Хозяин и хозяйка того дома, где проходила очередная ассамблея, должны были подготовить помещения, напитки, сладости, столы для игры в шашки и шахматы: всем было известно, что Пётр отлично играл в шахматы и всегда старался найти партнеров среди гостей (карт Пётр не любил). Хозяин дома не был «повинен гостей ни встречать, ни провожать, ни потчевать». В одной из комнат беседовали старики, а другой веселилась молодежь, в третьей курили табак и пили вино.
По замыслу Петра, на ассамблеях должна была царить непринужденная обстановка. Каждый из гостей мог заниматься тем, чем ему хотелось: танцевать, вести беседы делового характера, играть в шахматы. Правда, современники отмечали, что эта непринужденность появилась далеко не сразу: многие попадали на ассамблеи впервые и просто не знали, как себя вести. «Все сидели, как немые, и смотрели друг на друга». Женщины сидели отдельно от мужчин, танцевали, словно по принуждению. Скованности добавляло и то, что многие боялись каким-то неправильным действием вызвать гнев царя, всегда присутствовавшего на ассамблеях. Однако уже через некоторое время иностранные гости отмечали, говоря, в частности, о присутствовавших на ассамблеях дамах, что они «так изменились к лучшему, что не уступают немкам и француженкам в тонкости обращения и светскости, а иногда в некоторых отношениях даже имеют перед ними преимущество».
В холодное время года ассамблеи по очереди принимали все важные петербургские вельможи и богатые купцы. Летом же сам царь часто устраивал приемы в Летнем саду.

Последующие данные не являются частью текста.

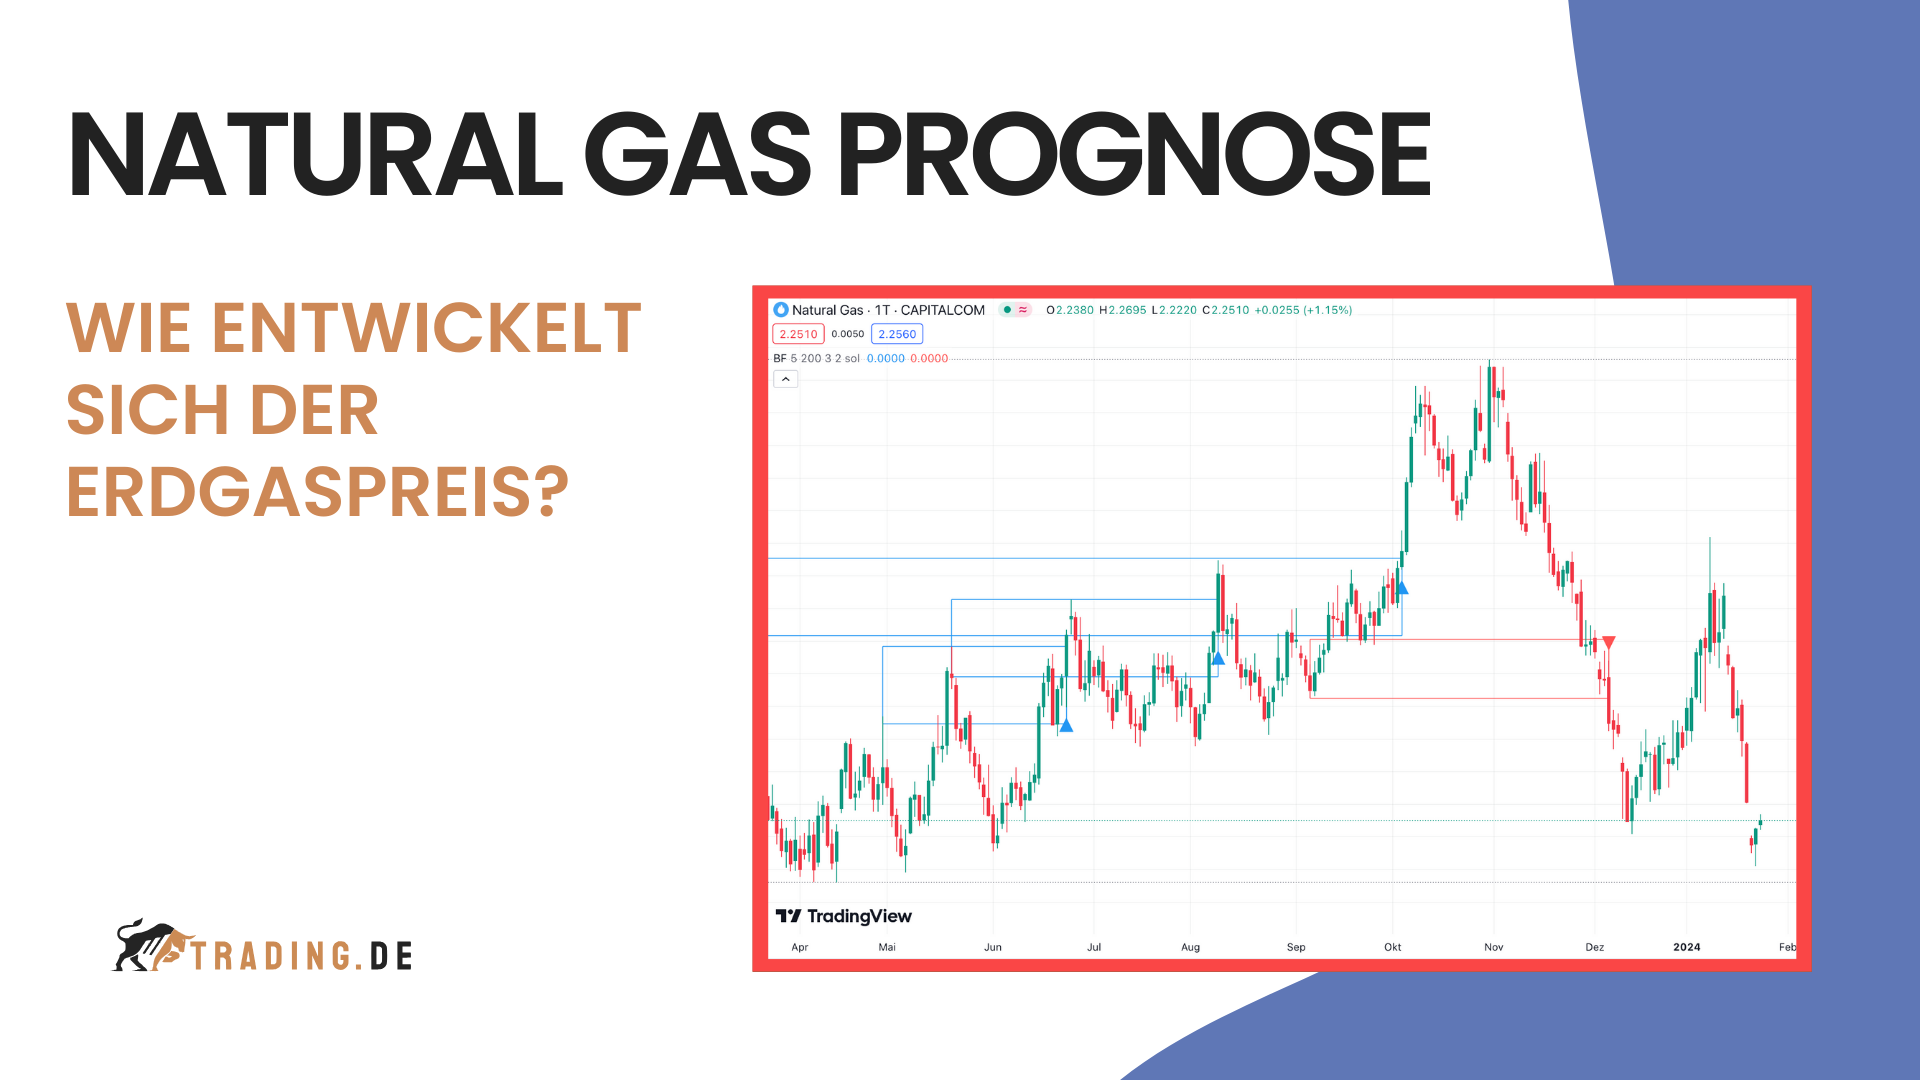 NATURAL GAS PROGNOSE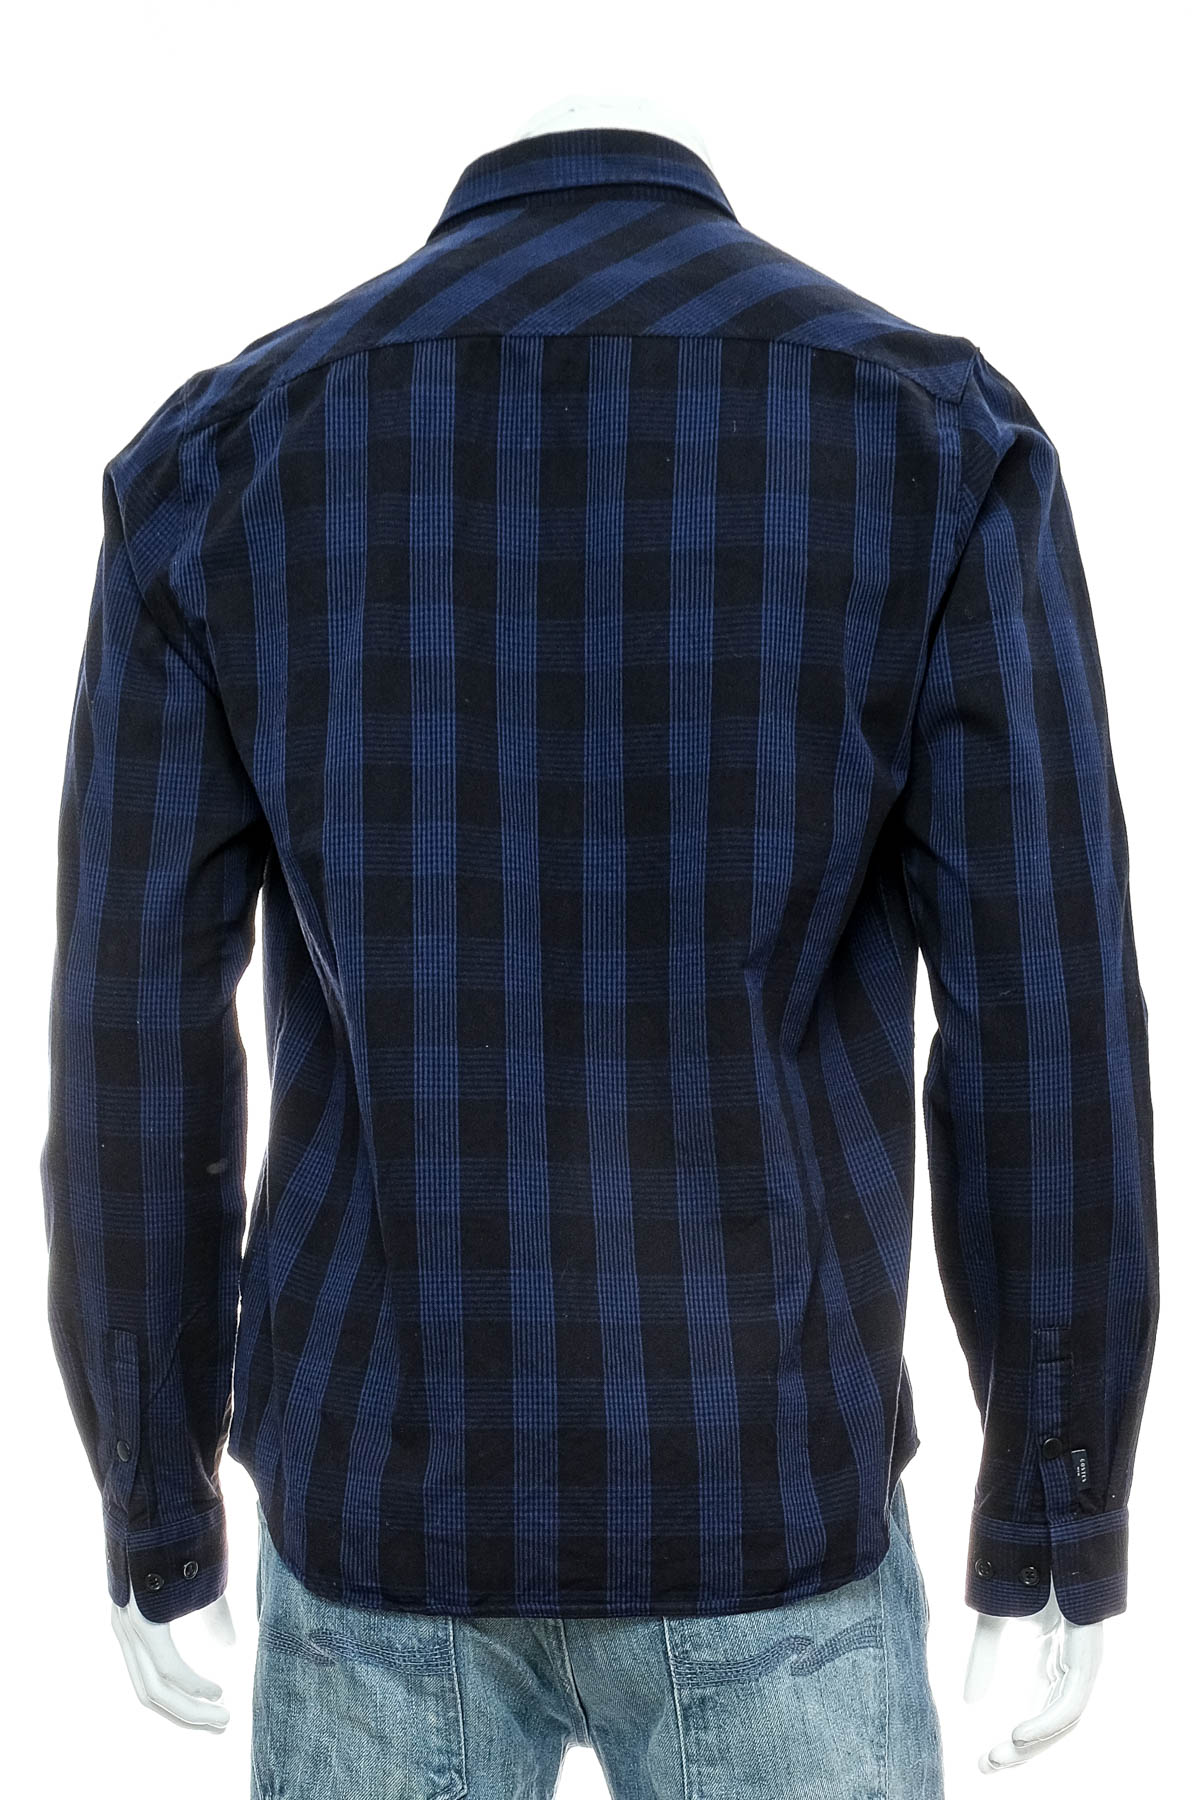 Ανδρικό πουκάμισο - Costes - 1

Летние приемы часто устраивались в честь какого-нибудь события государственной важности, и тогда праздник завершался прекрасным фейерверком. Проведение ассамблей стало, по замыслу царя, настоящей школой светских манер, даже светского образа жизни. В обществе начал формироваться спрос на умение танцевать и вести светские беседы. Для молодых людей была издана книга «Юности честное зерцало, или показания к житейскому обхождению», которая только при жизни Петра пережила три переиздания. Пленные шведские офицеры за хорошее вознаграждение обучали молодежь в боярских домах заморским манерам и танцам.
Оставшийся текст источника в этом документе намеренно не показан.